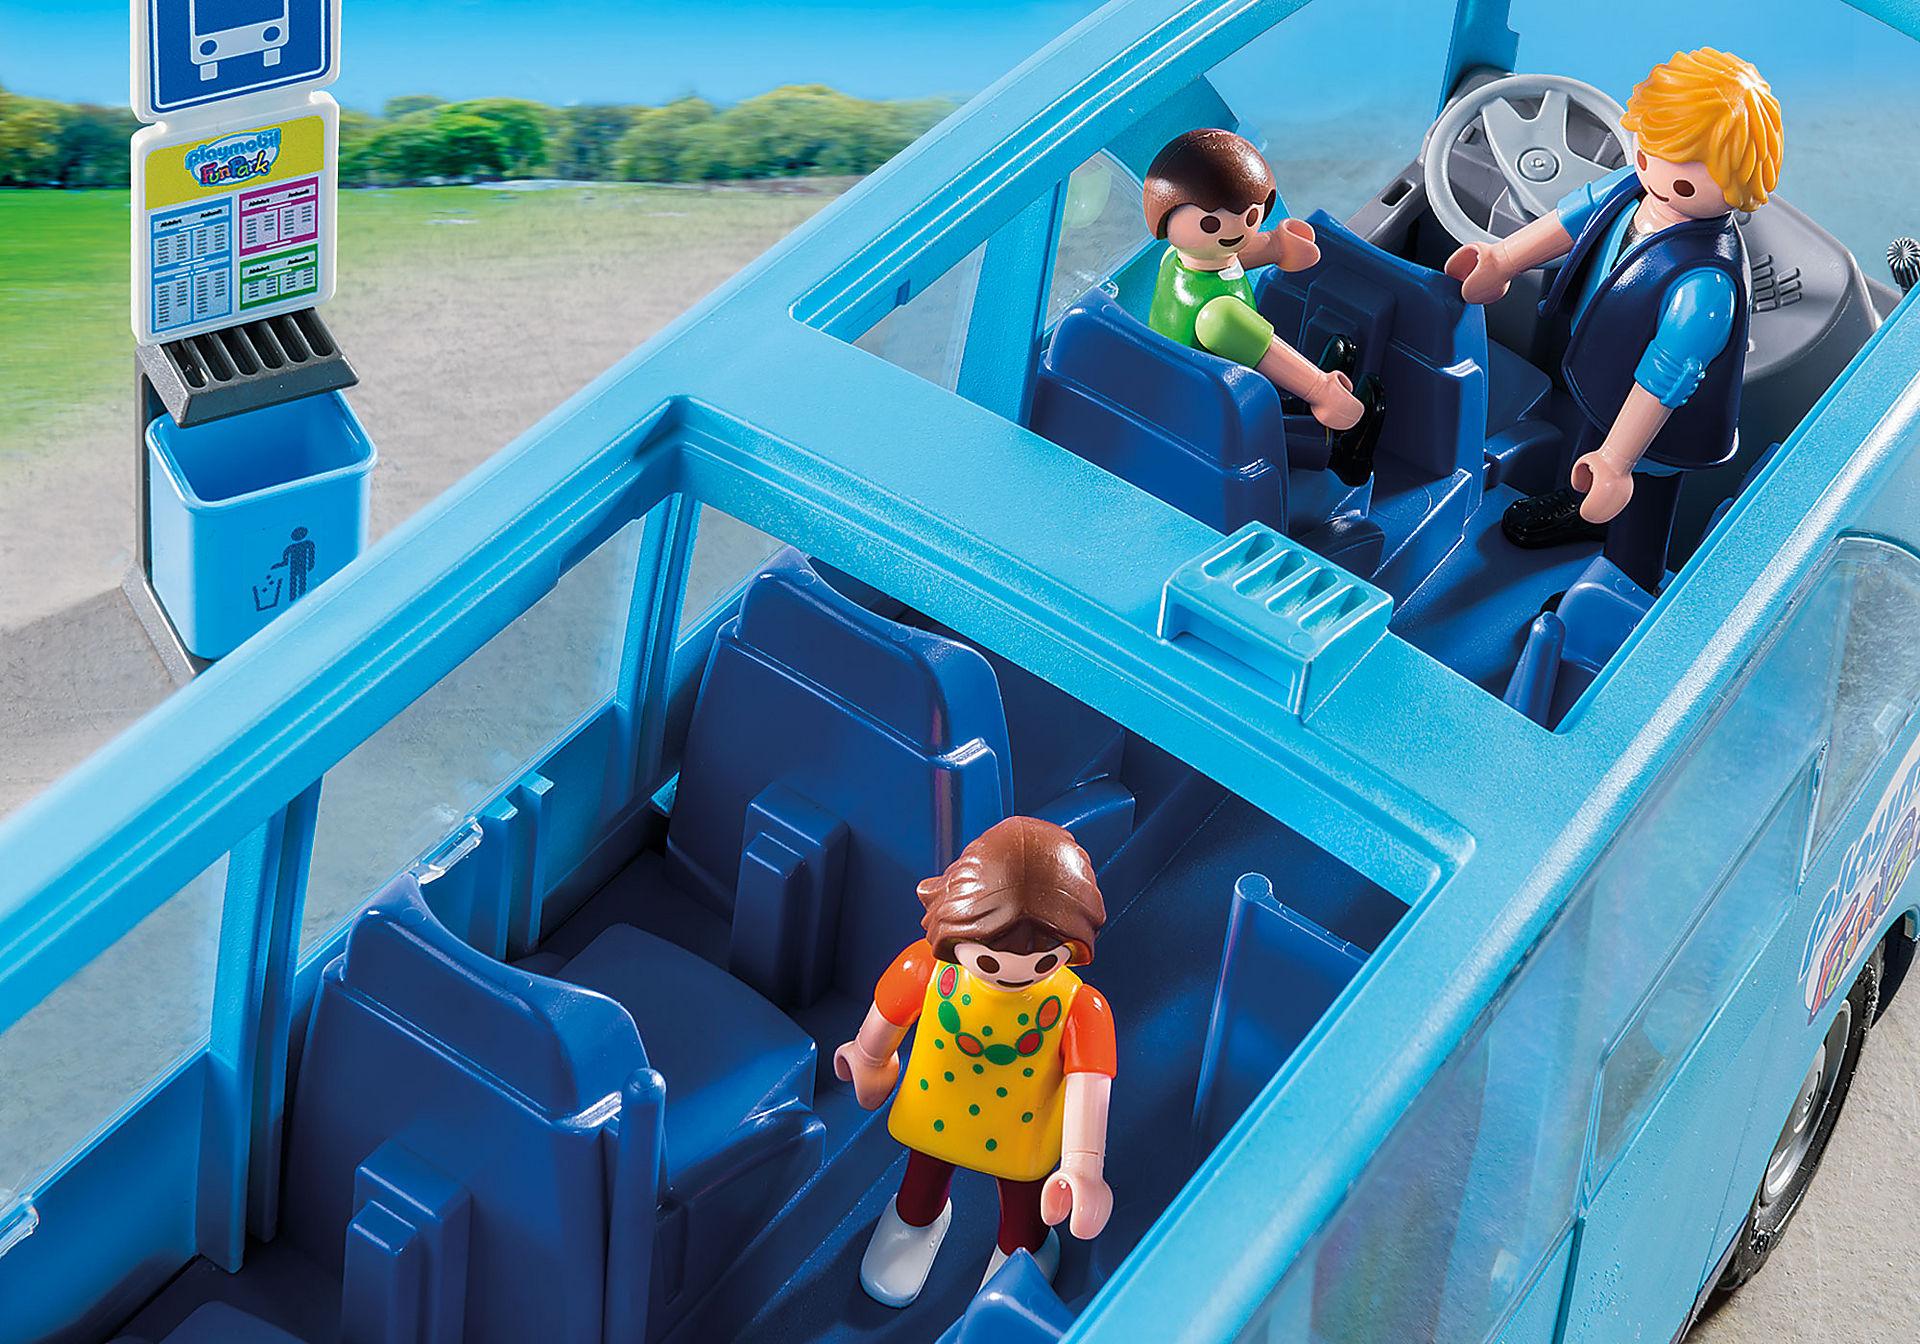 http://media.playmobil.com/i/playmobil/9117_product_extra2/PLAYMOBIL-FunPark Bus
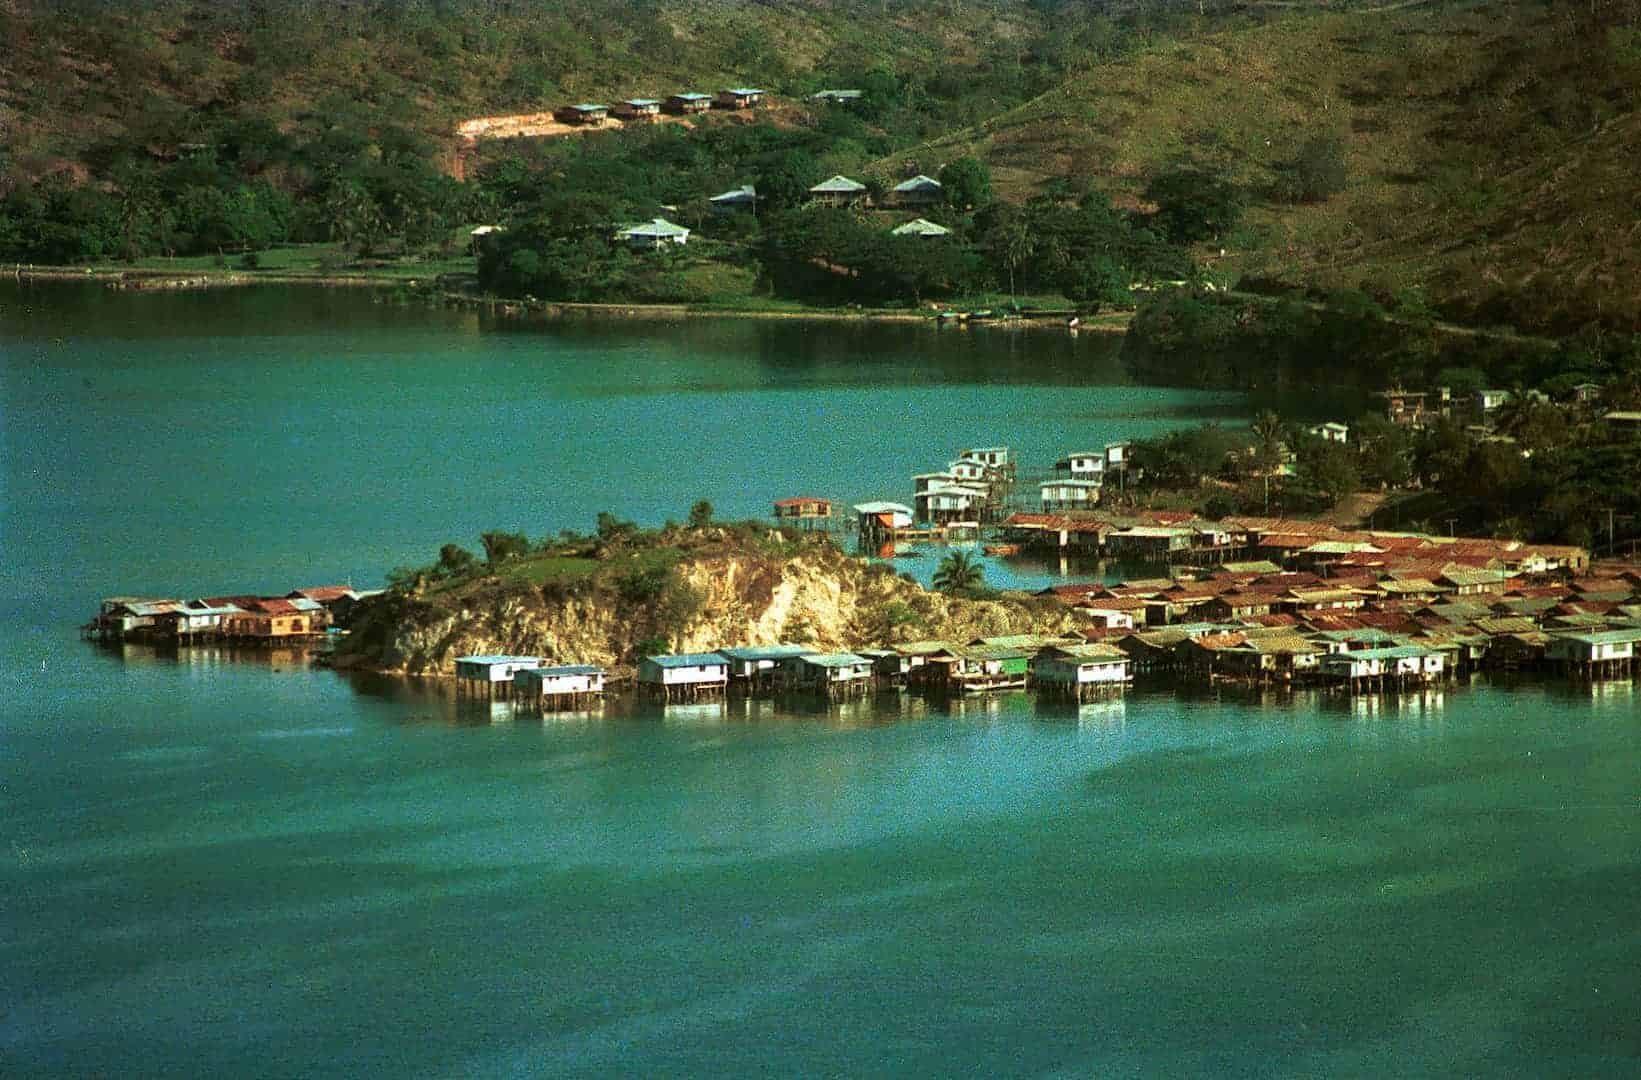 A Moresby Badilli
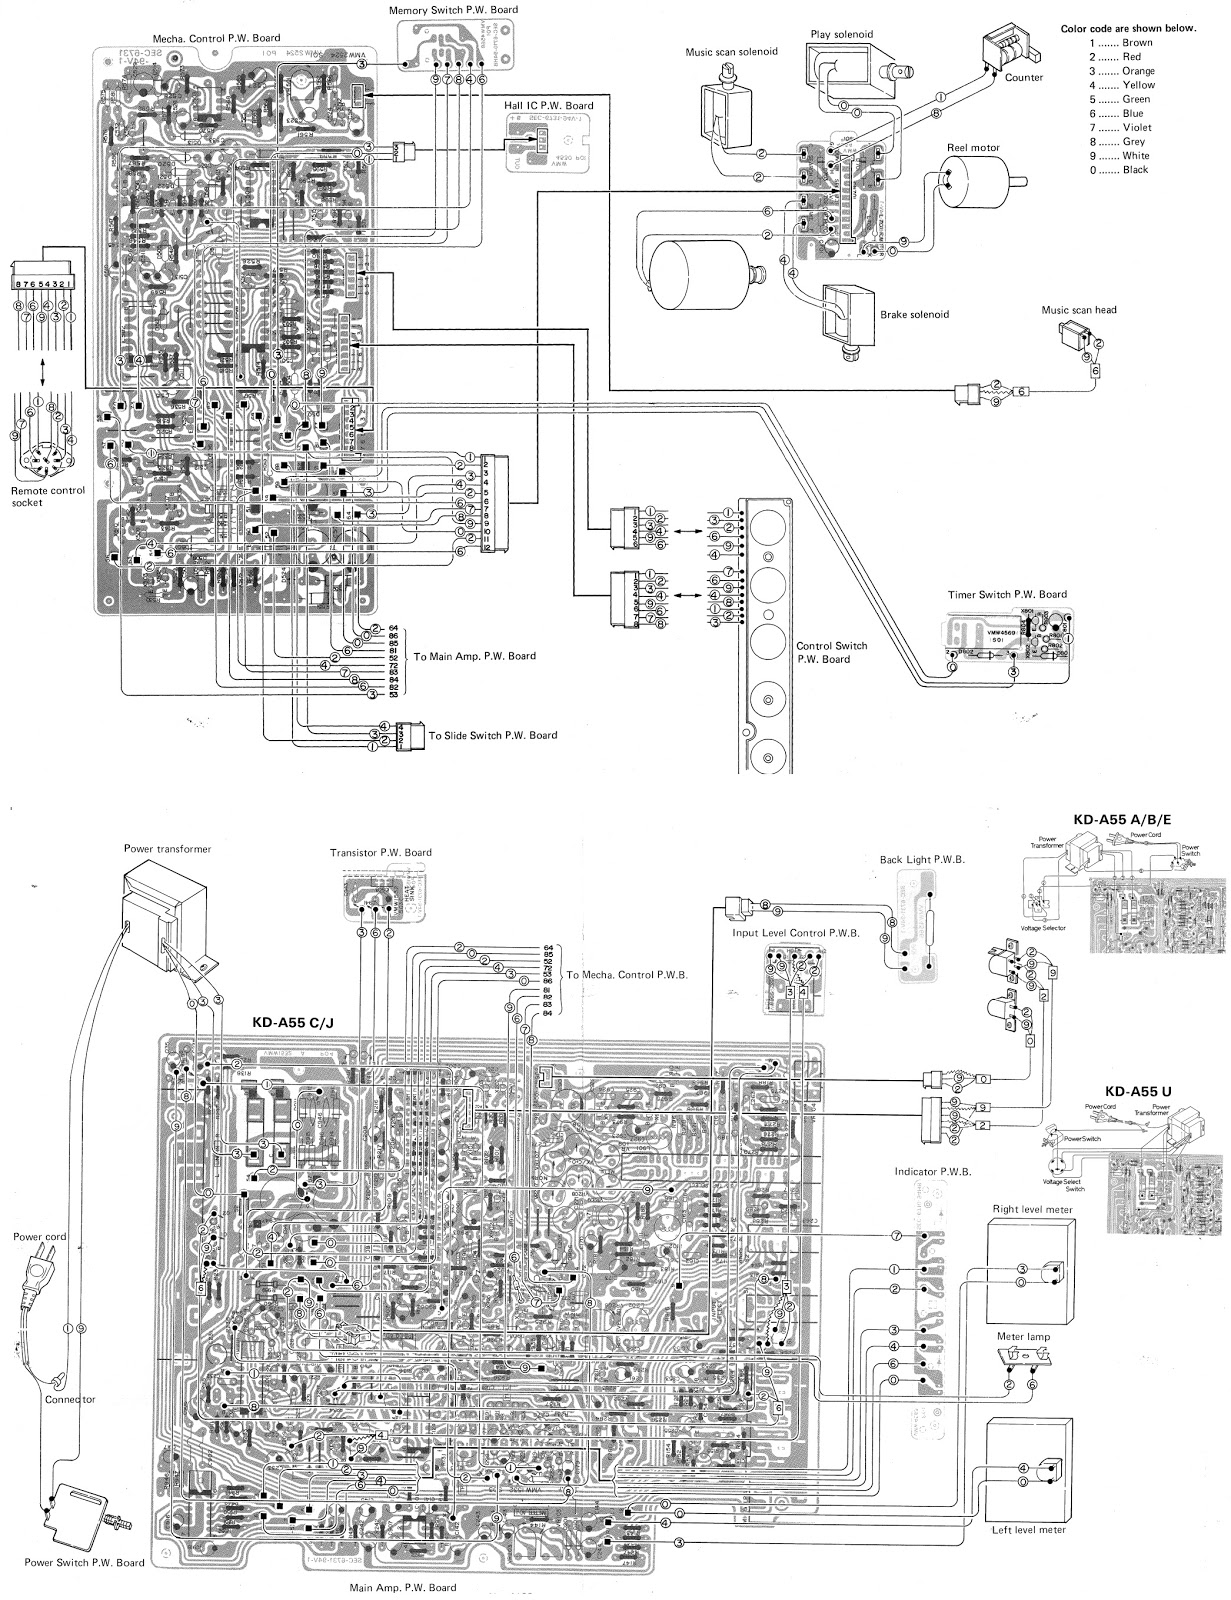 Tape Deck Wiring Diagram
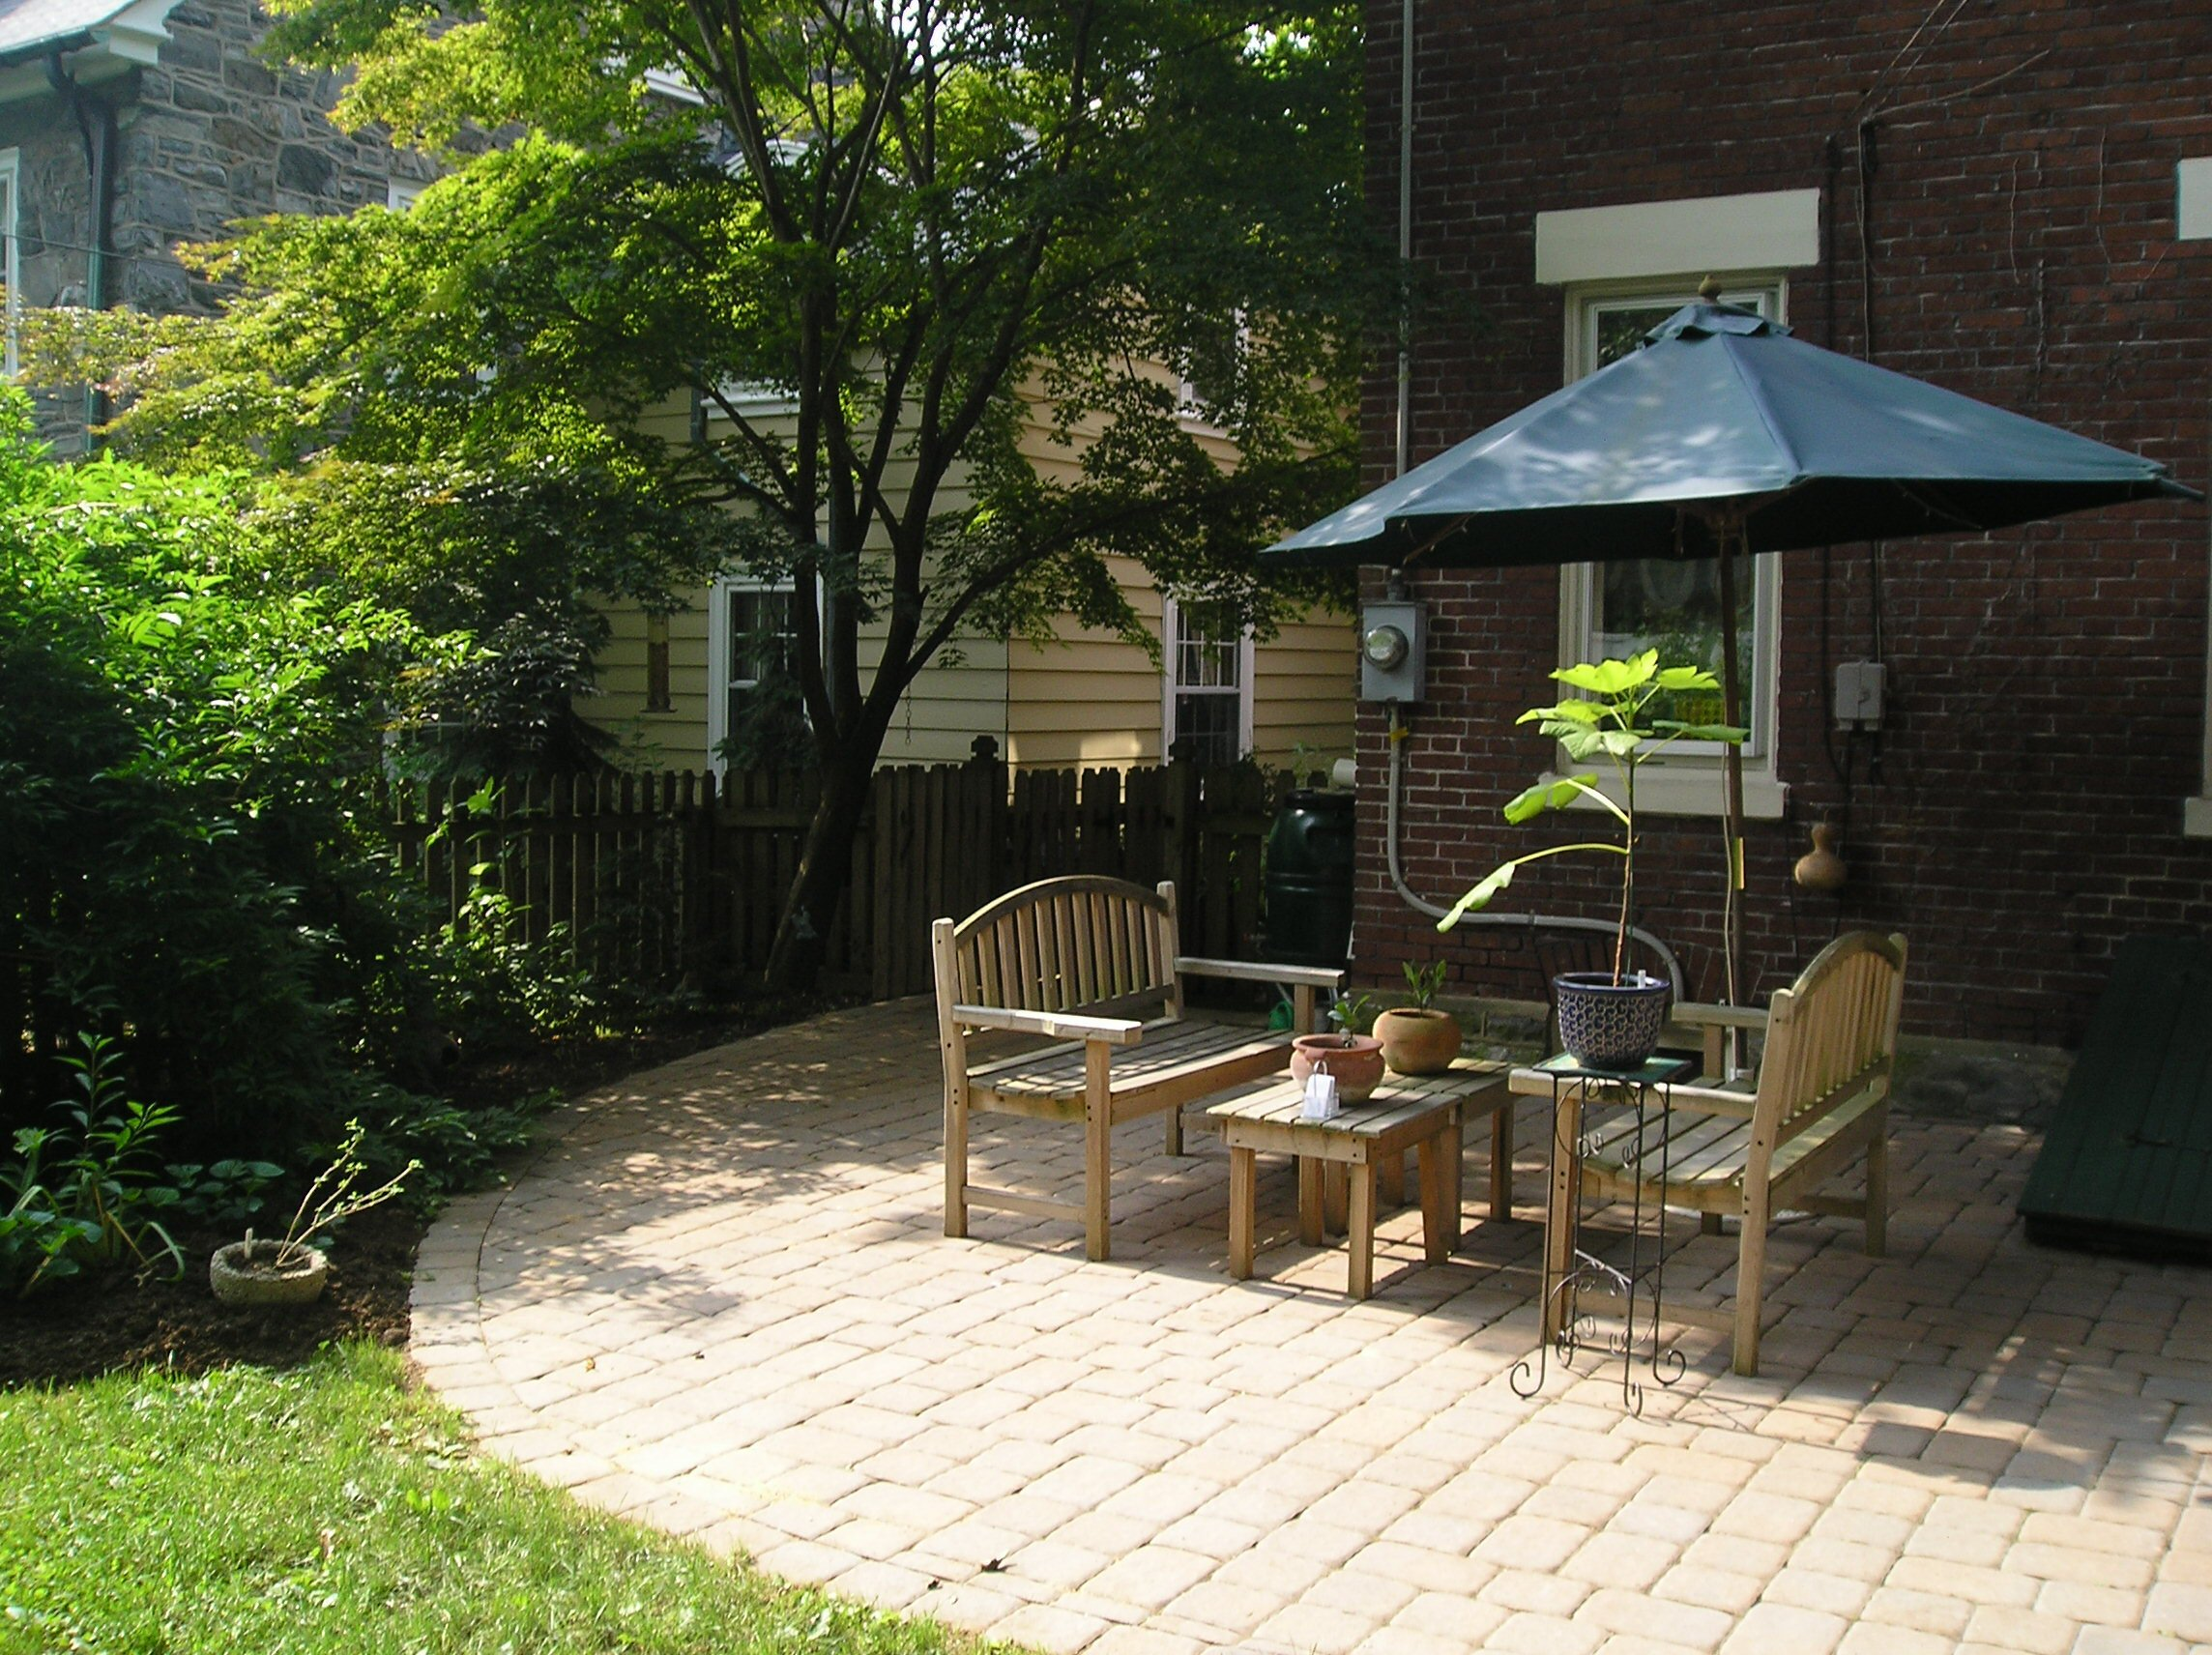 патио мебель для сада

### Brief
If a picture appears in the data, omit it; transcribe all the rest exactly.

### Answer section
 http://media.playmobil.com/i/playmobil/9117_product_extra2/PLAYMOBIL-FunPark Bus
 A Moresby Badilli
 Tape Deck Wiring Diagram
 патио мебель для сада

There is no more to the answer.